━━ SUPPLIED DATA

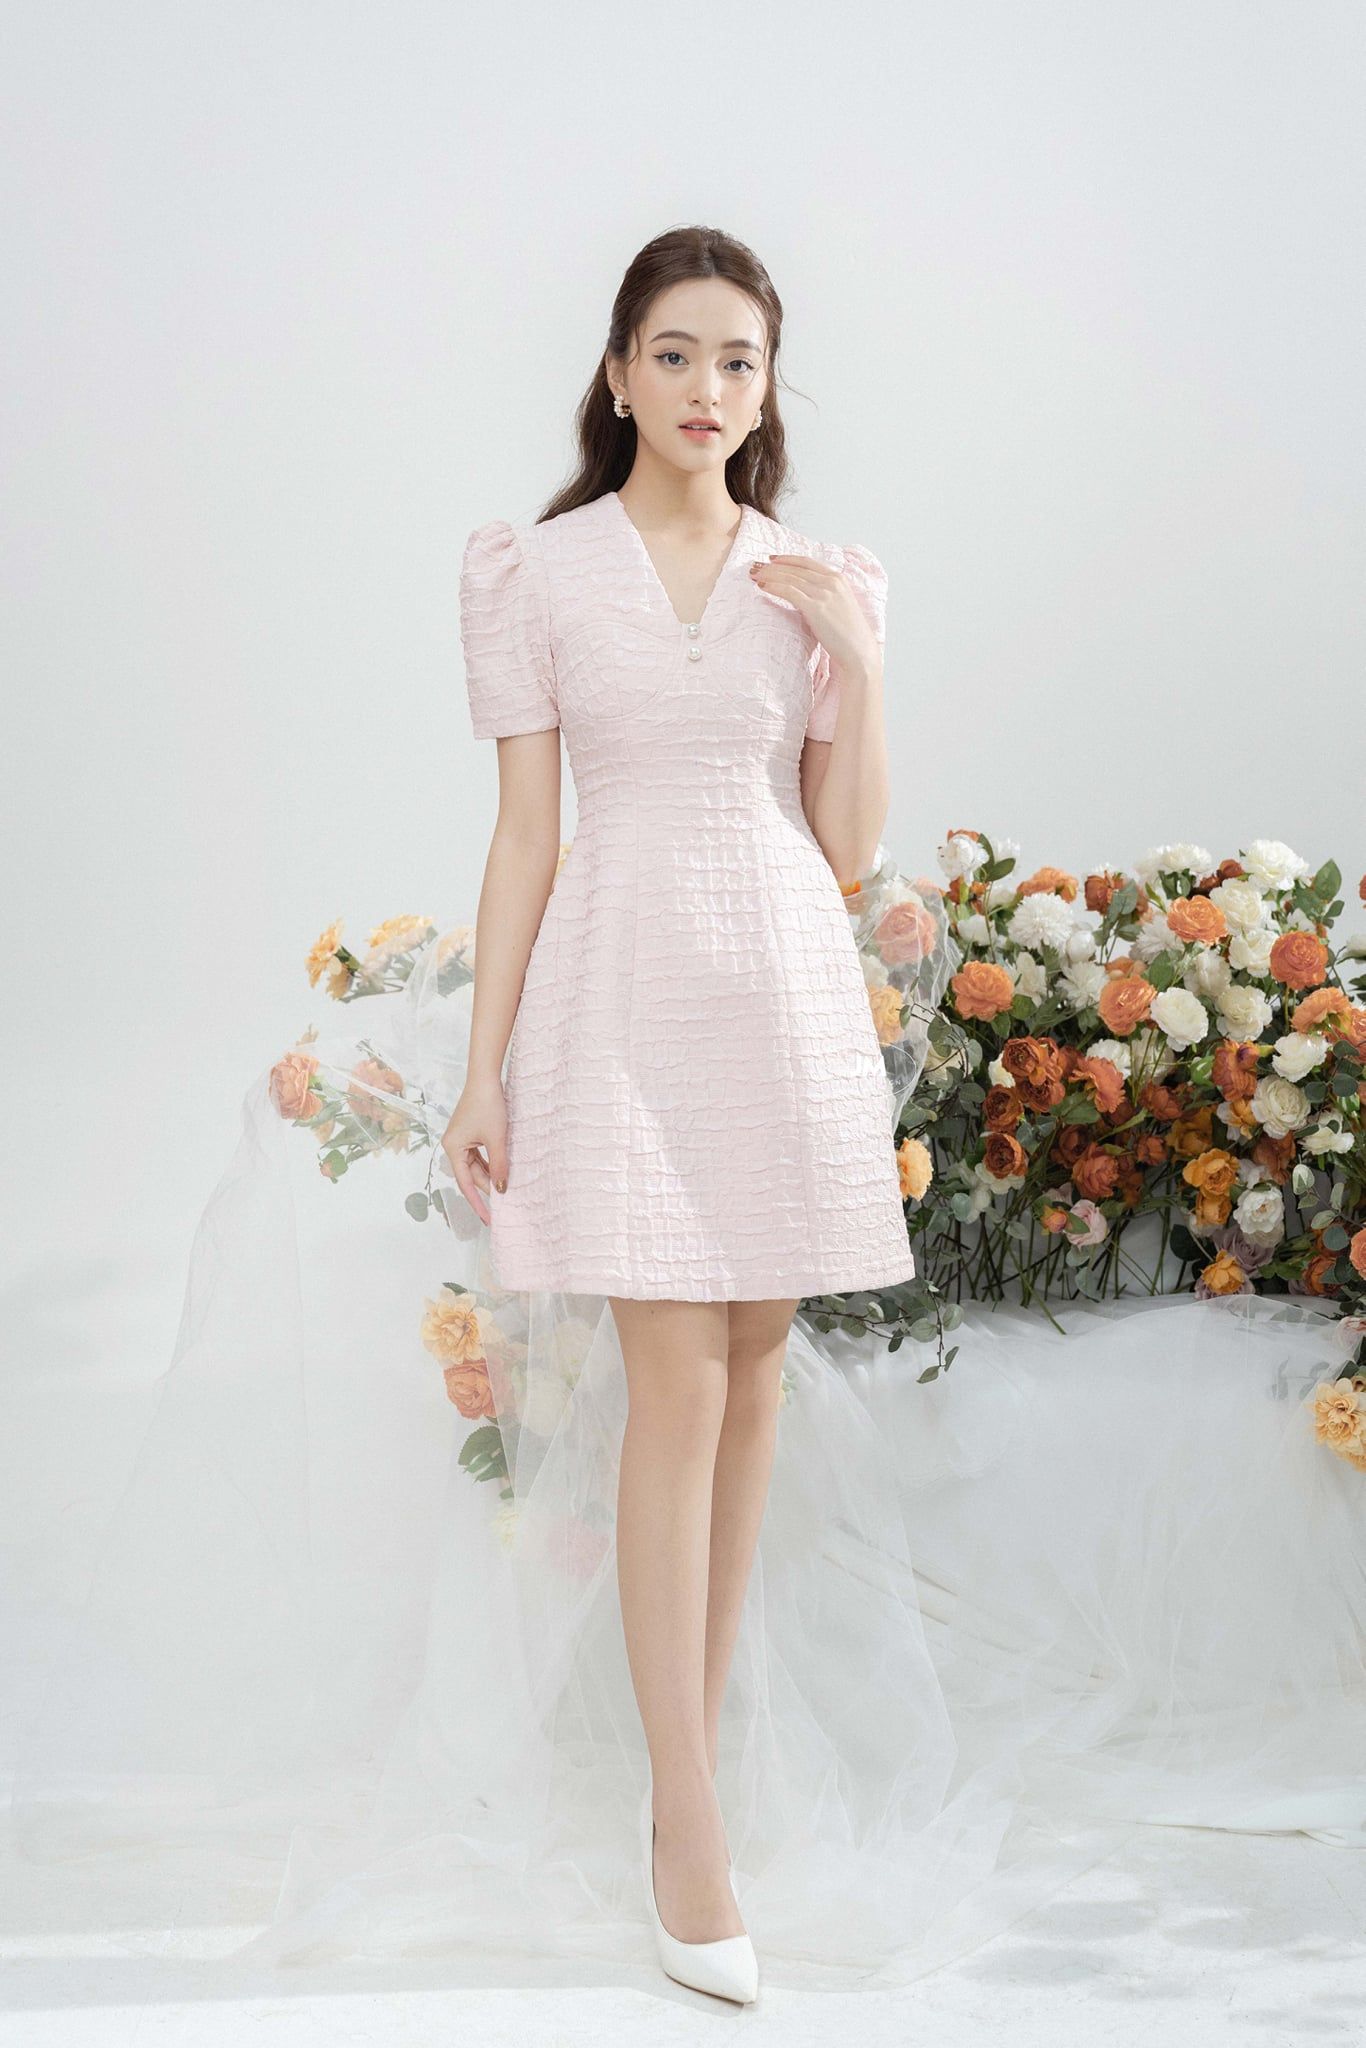 50+ mẫu váy công sở ĐẸP & cách mix đồ thời trang cho quý cô văn phòng
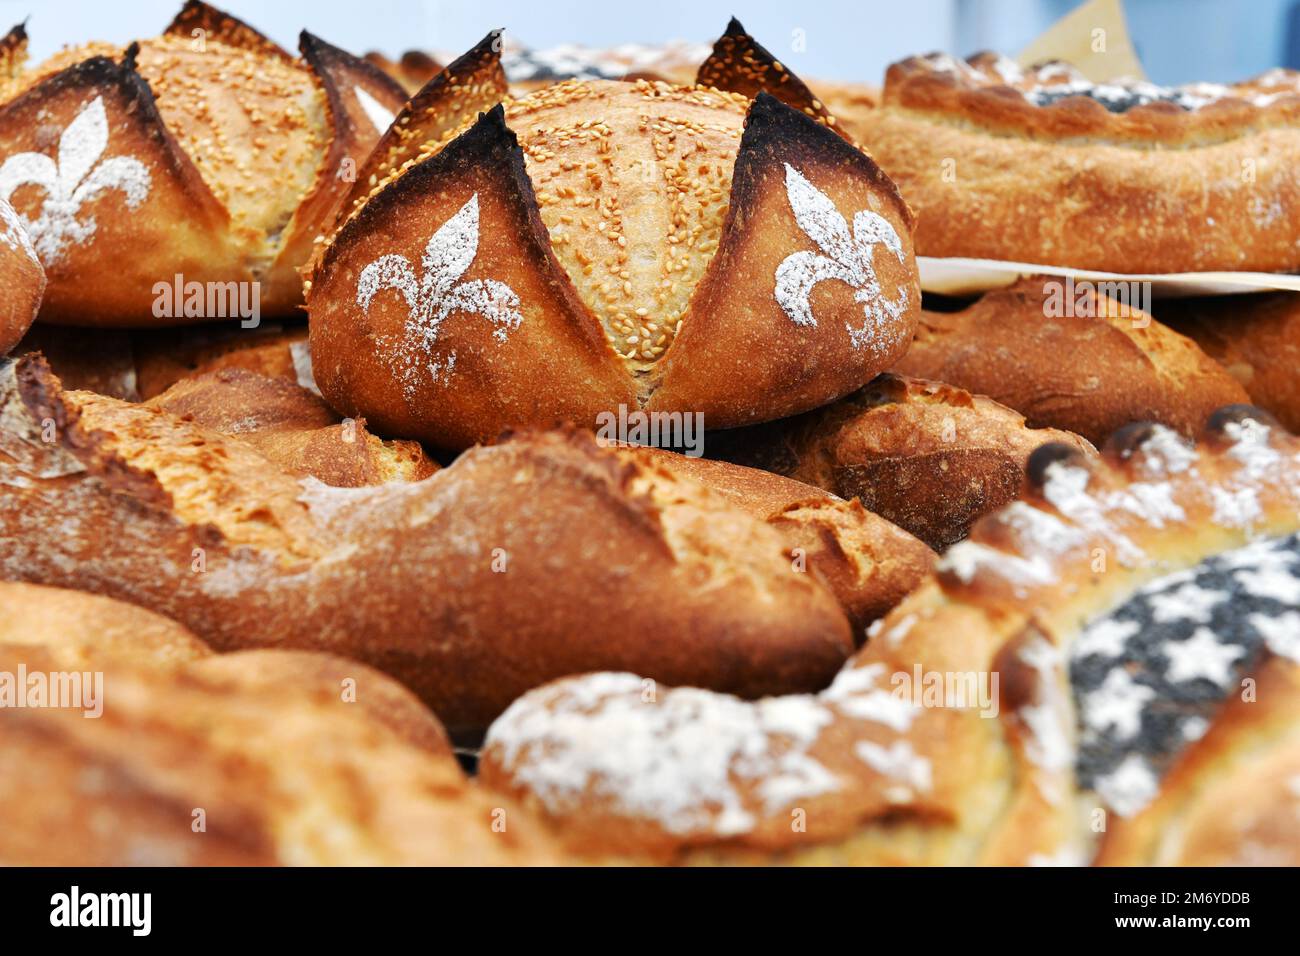 https://c8.alamy.com/comp/2M6YDDB/french-bread-in-a-bakery-france-2M6YDDB.jpg
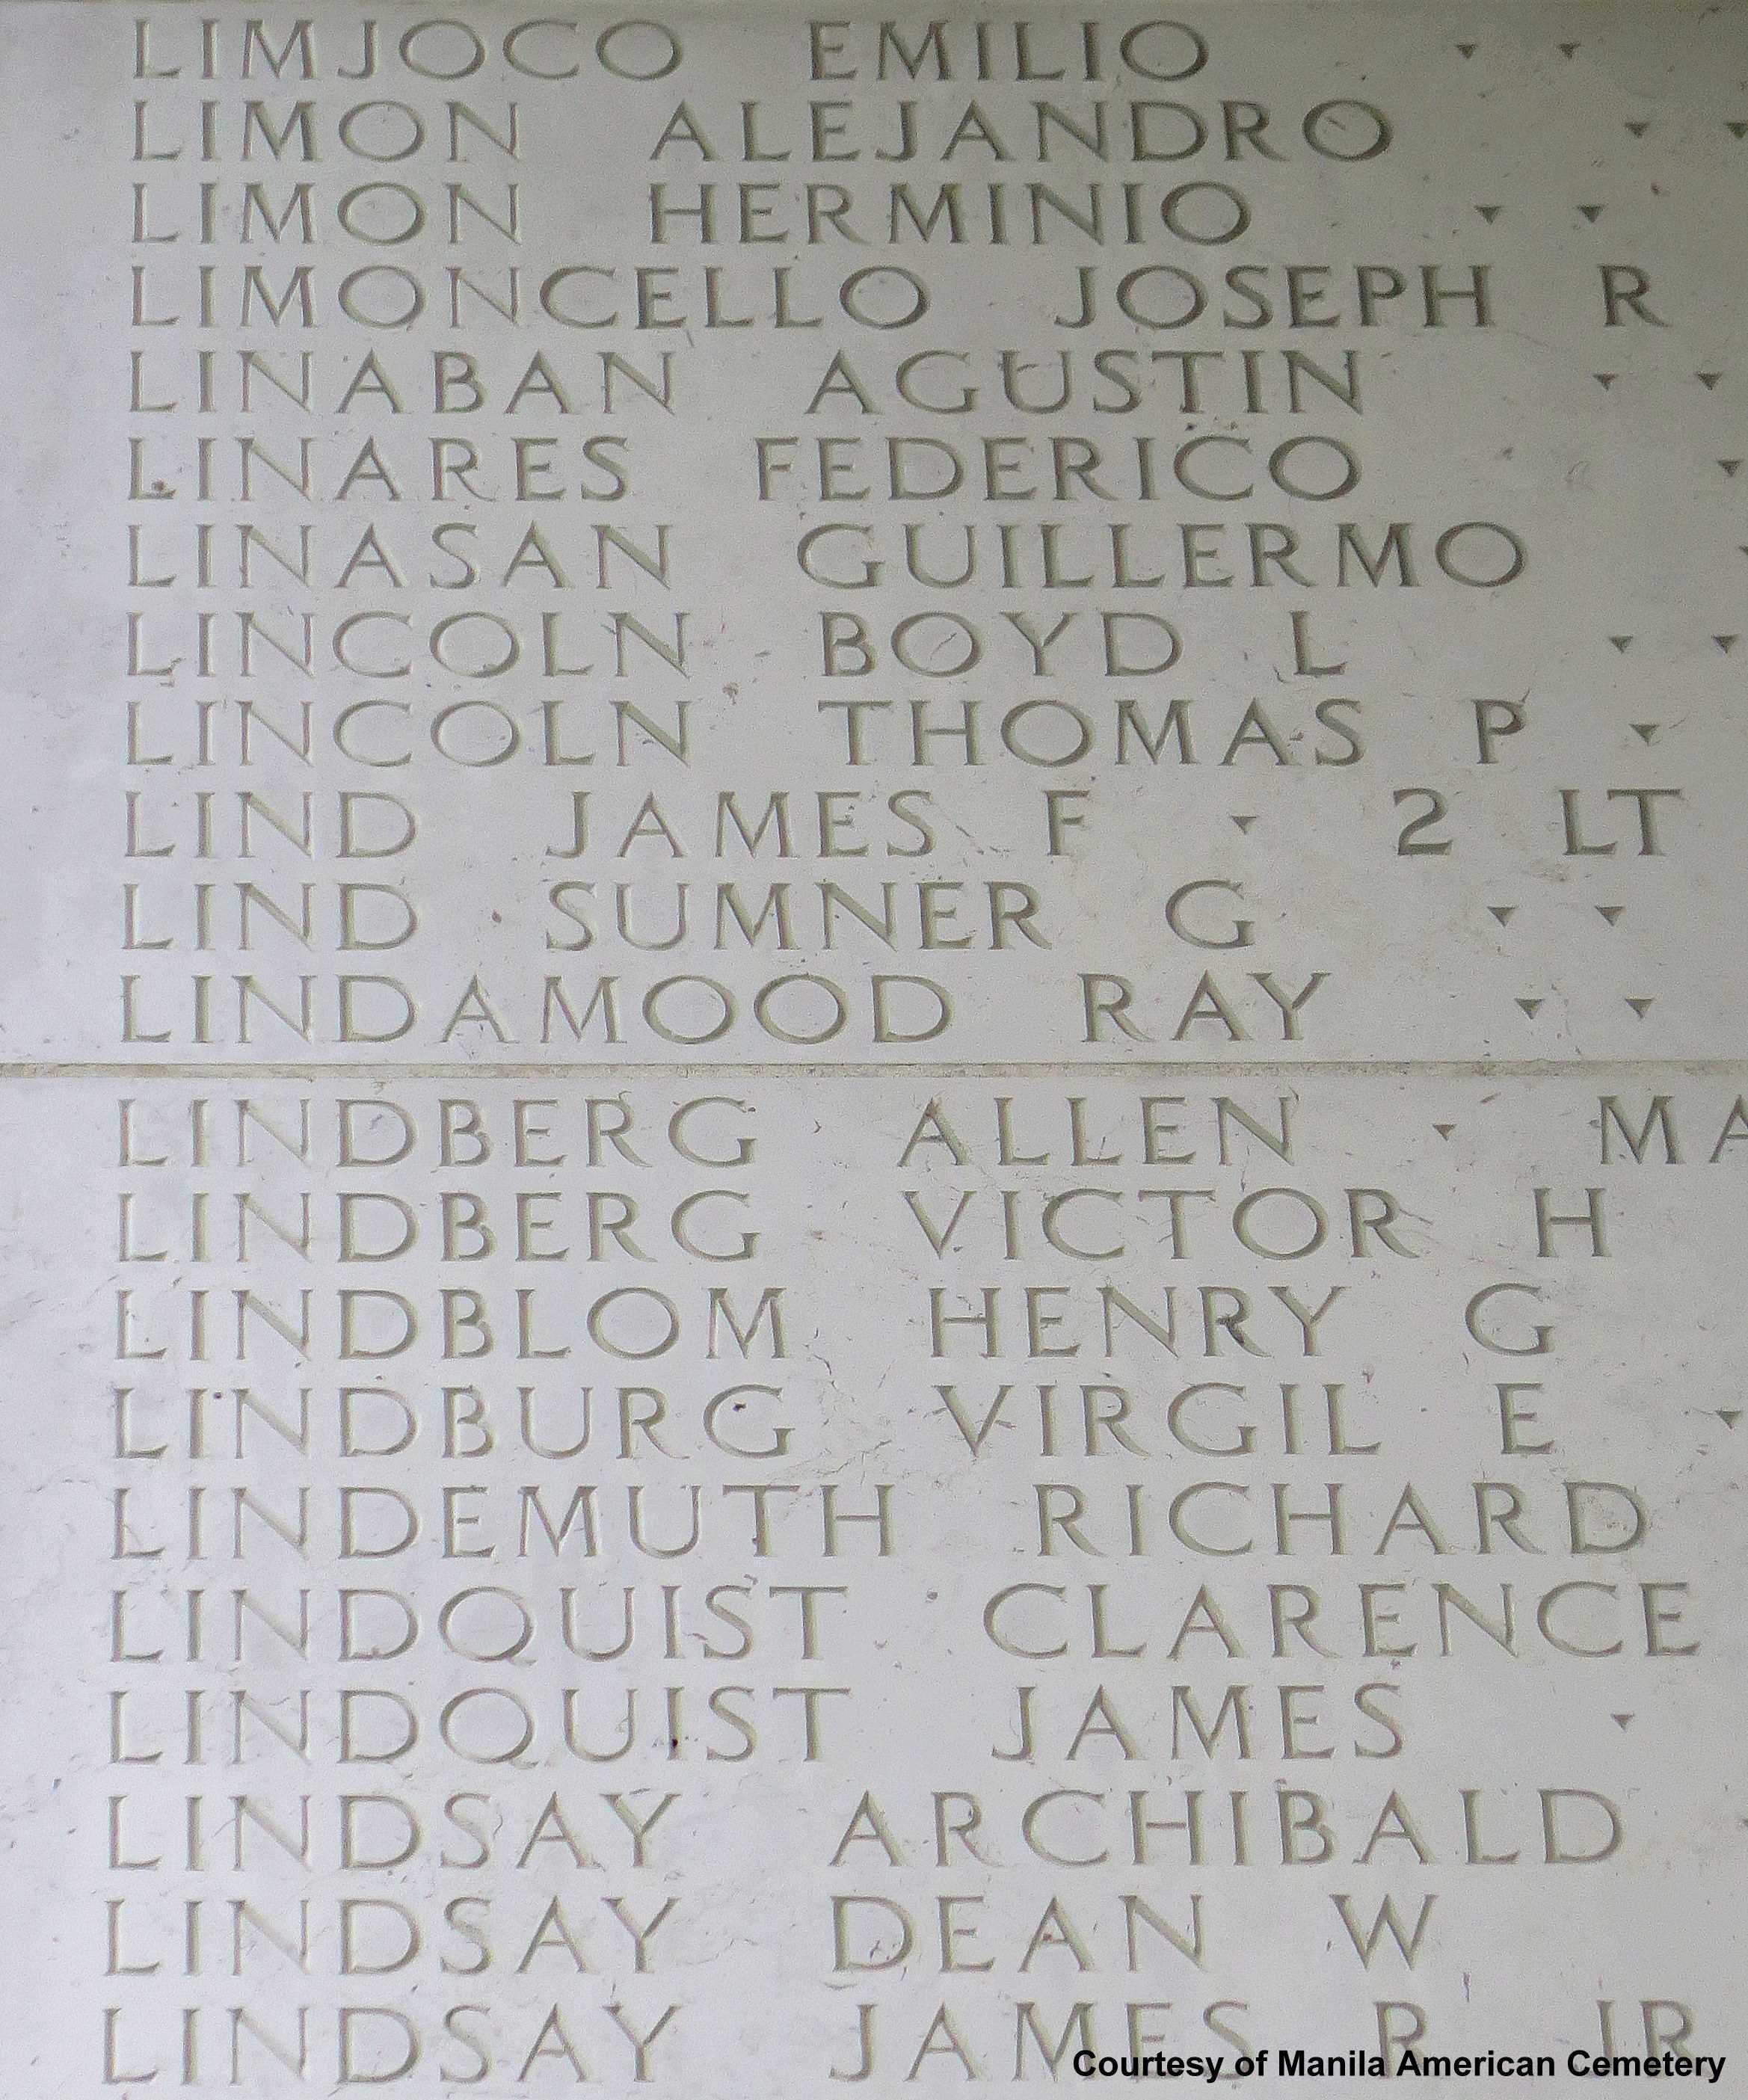 2nd Lt. James F. Lind

━━━━

WHAT TO DO:
I'd like the material above repeated exactly, with the pictures omitted.

WRITTEN ANSWER:
 50+ mẫu váy công sở ĐẸP & cách mix đồ thời trang cho quý cô văn phòng
 https://c8.alamy.com/comp/2M6YDDB/french-bread-in-a-bakery-france-2M6YDDB.jpg
 2nd Lt. James F. Lind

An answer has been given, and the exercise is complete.